2018-12-06T00:54:48.8610169Z
Reproducing the error
The error stems from a function in pandas/tests/frame/test_apply.py
@composite
def indices(draw, max_length=5):
date = draw(
dates(
min_value=Timestamp.min.ceil("D").to_pydatetime().date(),
max_value=Timestamp.max.floor("D").to_pydatetime().date(),
).map(Timestamp)
)
periods = draw(integers(0, max_length))
freq = draw(sampled_from(list("BDHTS")))
dr = date_range(date, periods=periods, freq=freq)
return pd.DatetimeIndex(list(dr))
This function above is used by hypothesis.
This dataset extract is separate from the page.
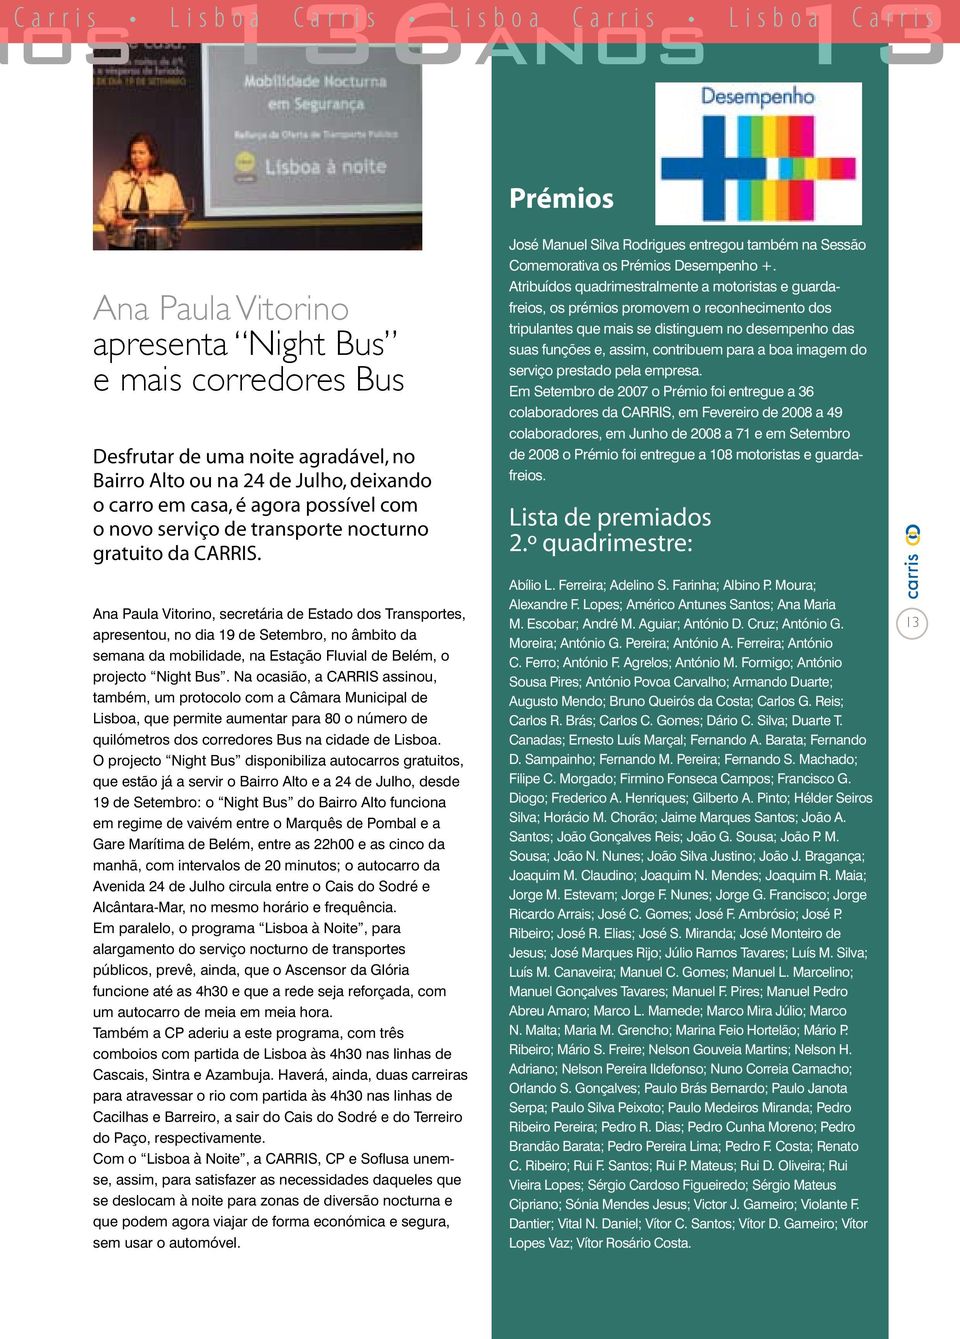 Ana Paula Vitorino, secretária de Estado dos Transportes, apresentou, no dia 19 de Setembro, no âmbito da semana da mobilidade, na Estação Fluvial de Belém, o projecto Night Bus.

It causes a failure when calling date_range when date = Timestamp.max.floor("D").to_pydatetime().date()
and freq in {'B', 'D'}
For example:
>>> date = pd.Timestamp.max.floor("D").to_pydatetime().date() # datetime.date(2262, 4, 11)
>>> freq = 'B'
>>> pd.date_range(date, periods=1, freq=freq)
OverflowError: int too big to convert
>>> freq = 'D'
>>> pd.date_range(date, periods=1, freq=freq)
OutOfBoundsDatetime: Cannot generate range with start=9223286400000000000 and periods=1
You'll notice the error types are different for the two cases. Presumably the first example should have returned a OutOfBoundsDatetime also.